That is exactly what I am saying unless you are going to rely on convection of the air to cool it. Too many people learn that "heat rises" when the full statement is warm air rises. As far as *conduction* is concerned, orientation doesn't matter one bit. If you are relying on *convection*, then orientation does matter. The question comes down to how are you removing heat from the heat sink? If you have fans on it then, as Pete said, it doesn't really matter. The fans will easily overpower the convection "pressure." Don't forget that there may be a significant amount of air movement around the controller while driving anyway. This will seriously disrupt the convection currents and will either help or hinder cooling.

If Pete wanted to use convection instead of the fan he has on his controller then it would be better to rotate his controller 90° to gain the best cooling. Note, as he pointed out, the connection of the controller to the heat sink is more critical than orientation.

Here is his pic again:


gottdi said:


>


----------



## 9852 (Jan 17, 2010)

well ok then, im convinced, i will just make sure that the heat sink is mounted correctly and it will have a fan. thanks for everyones help, when its done i will post some pictures of the install.


----------



## jehan12413 (Feb 4, 2010)

It's called black body radiation and the theories relate to an abject absorbing and emitting radiation. Carbon is the best (within 3% of theoretical).

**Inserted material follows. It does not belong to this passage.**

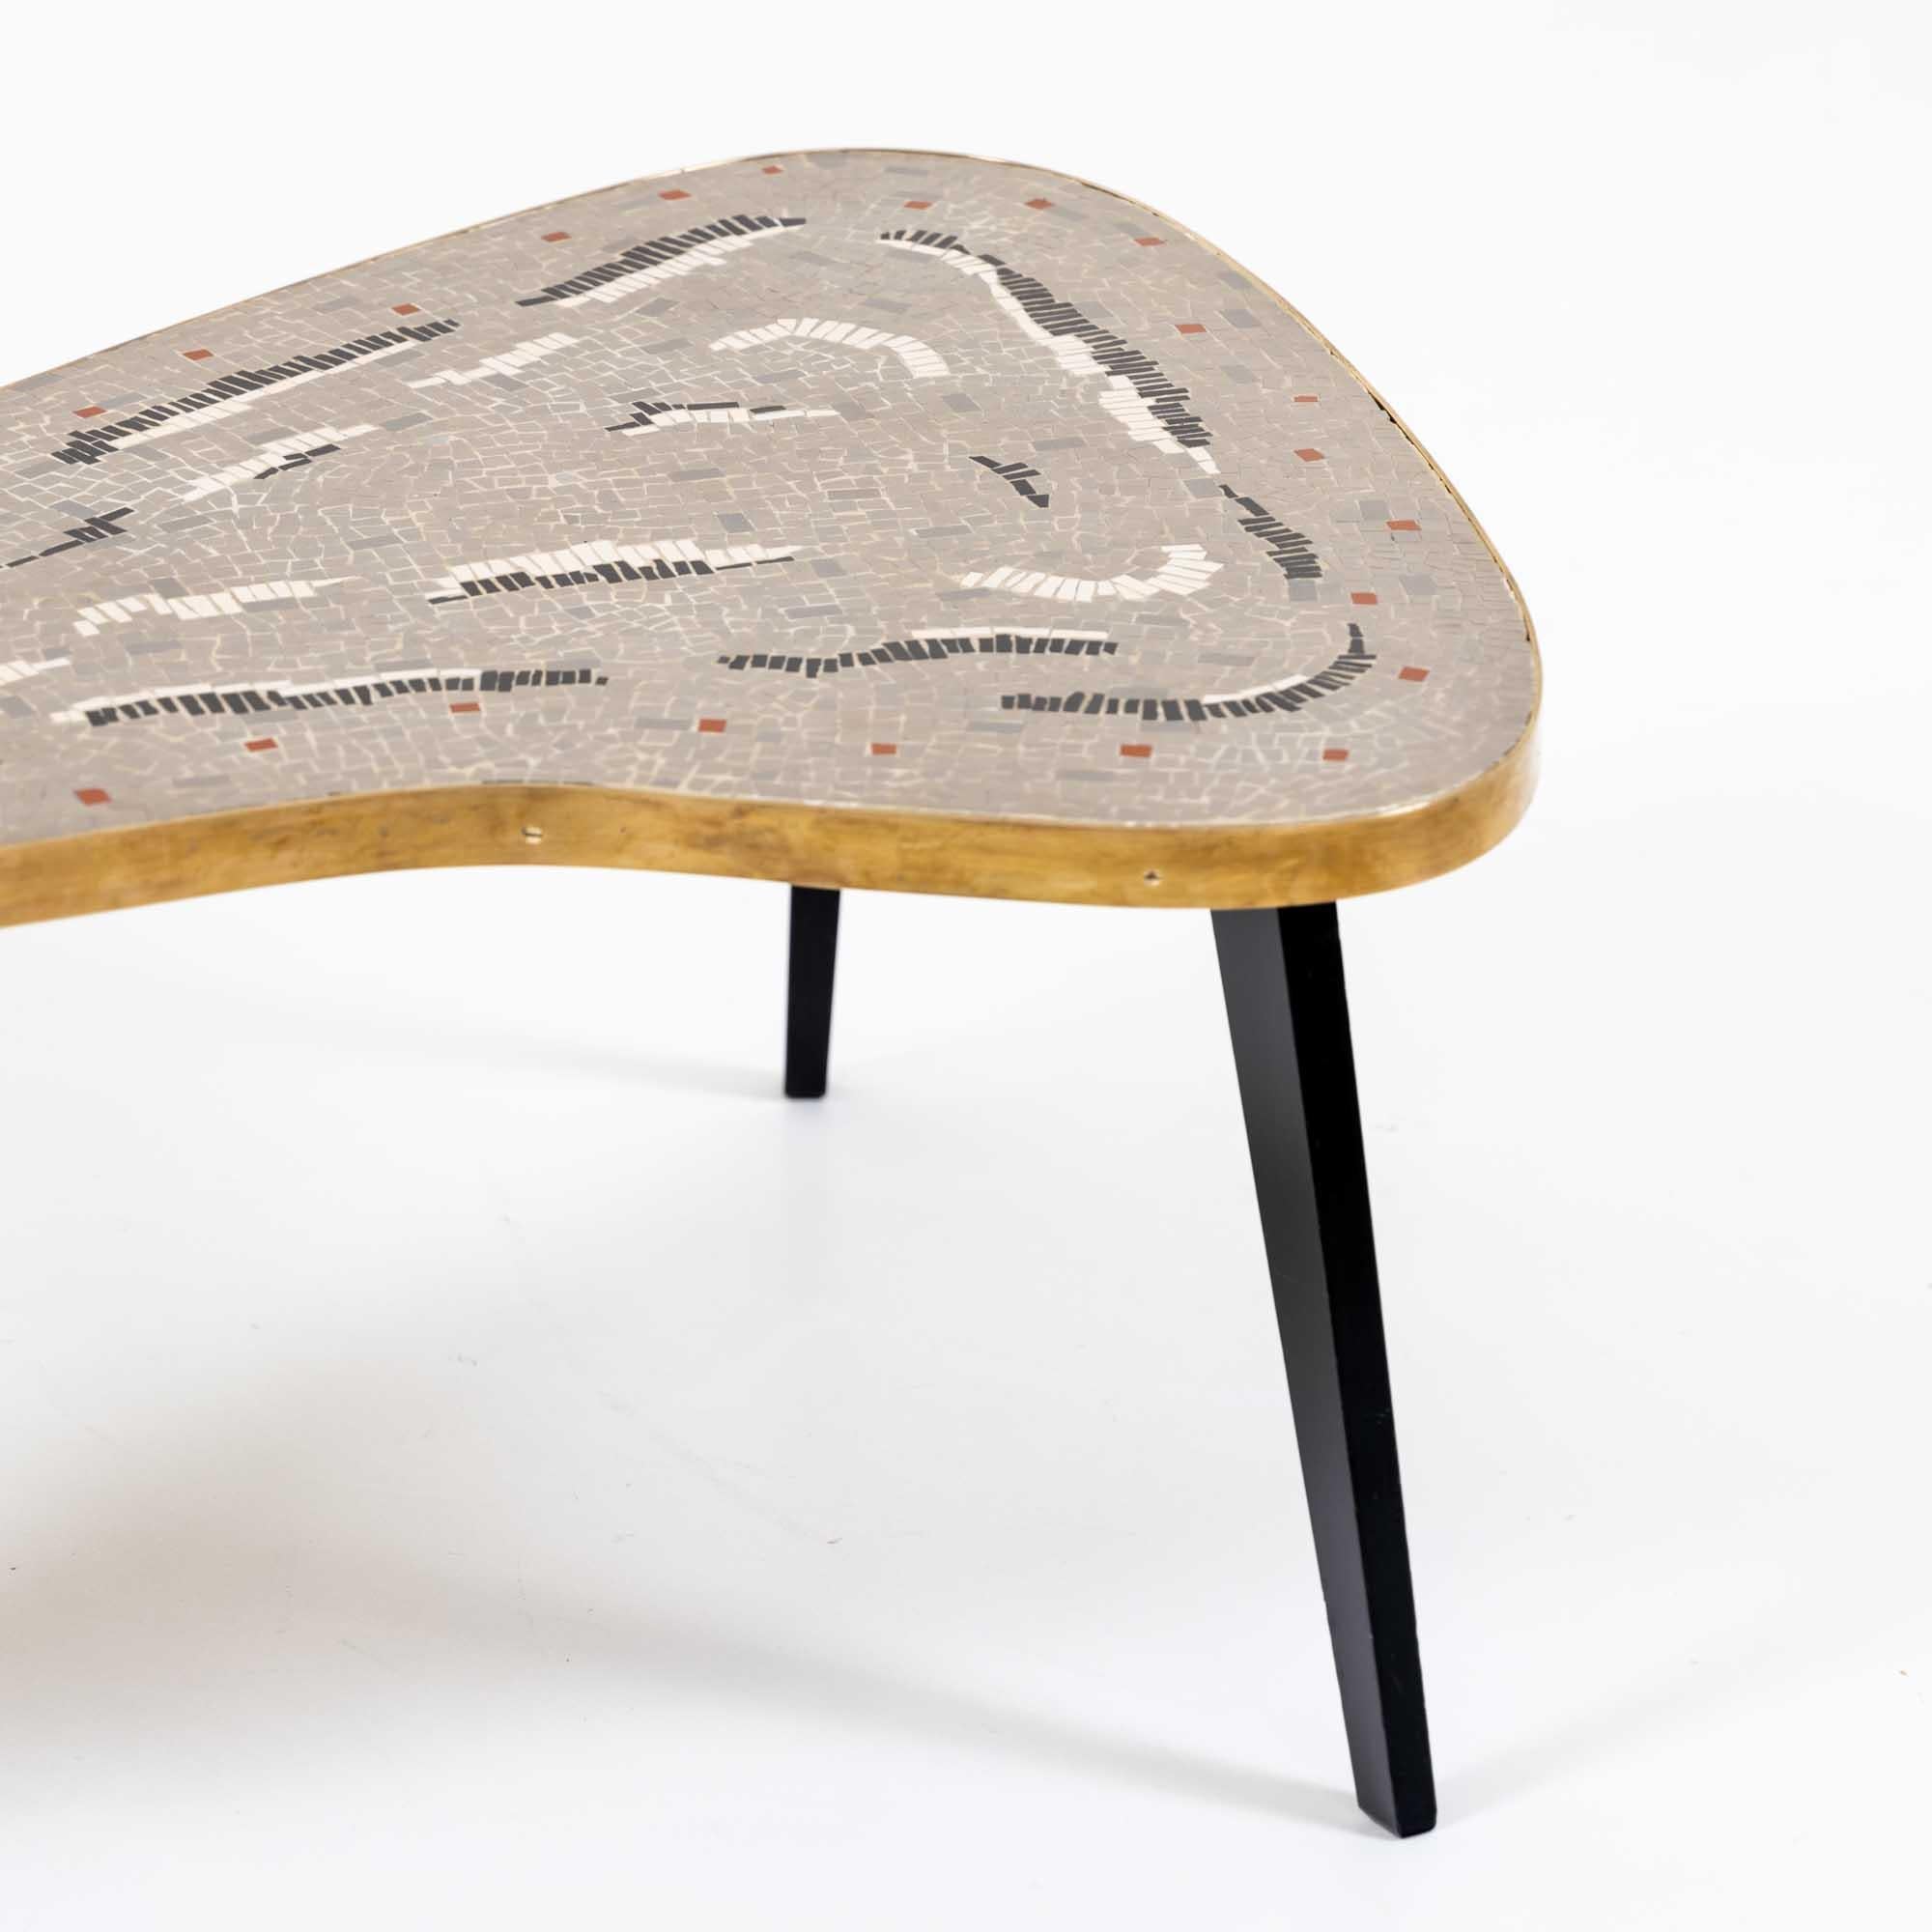 Couchtisch aus den 1960er Jahren auf drei konischen, ebonisierten Beinen. Die interessante Tischplatte ist in Form eines Bumerangs gestaltet und mit einem breiten, flachen Messingstreifen eingefasst. Das Highlight ist die graue Mosaikplatte, die mit

An oversimplified explanation would be that as the temperature of an object increases so does the wavelength that it emits ( ie heated steel red then orange then white ). But at the temperatures we are discussing here all the radiation is in the far infrared range (heat) not visable. In the far infrared most paints appear black which is an excellent emitter and absorber. Silvery metals on the other hand reflect visable and infrared. What this means is that if the heatsink is painted it will radiate far more than bare metal. The paint will create a slight insulating coating but this is neglegeable compared to the considerable increase in radiation. Use a wood stove as an example , they are black for a reason. The sections of stovepipe which are silver radiate much less heat than the black ones. Flat black is used because it's a thinner coating than one of the thicker glossy paints. 
I would remove the paint on the back side of the heatsink because there you are concerned with conduction not radiation and I would very lightly paint or annodize the side with the fins.


----------



## dtbaker (Jan 5, 2008)

anodizing is hard to do at home.... matte black hi-temp spray paint on fin side would help a little.... or if it is raw aluminum (unsealed), it might darken considerably if you spray on something mildly acidic like tomato juice or lemon juice.


----------



## Tesseract (Sep 27, 2008)

dtbaker said:


> anodizing is hard to do at home....


Aw, hell, Dan... anodizing isn't that hard to do at home. It's actually one of those surface finish processes that is eminently DIYadble.

The critical step - unsurprisingly - is to clean/degrease the aluminum first ("mag wheel cleaner" works very well) then *etch* it in a dilute caustic lye bath (10% NaOH). 

An especially good overview of the anodizing process is here: http://www.focuser.com/anodize.html

A useful calculator for determining the amount of current needed for a given area of aluminum vs. time in the anodizing tank is here: http://www.ndhsubmersiblescience.com/ano/720rule.html


----------



## dtbaker (Jan 5, 2008)

Tesseract said:


> Aw, hell, Dan... anodizing isn't that hard to do at home. ...o clean/degrease the aluminum first ("mag wheel cleaner" works very well) then *etch* it in a dilute caustic lye bath (10% NaOH).



yeah yeah yeah... caustic lye baths then power supplies in baths.... right up the alley of the average DIY.  


I would vote for paint or lemon juice for most!


d


----------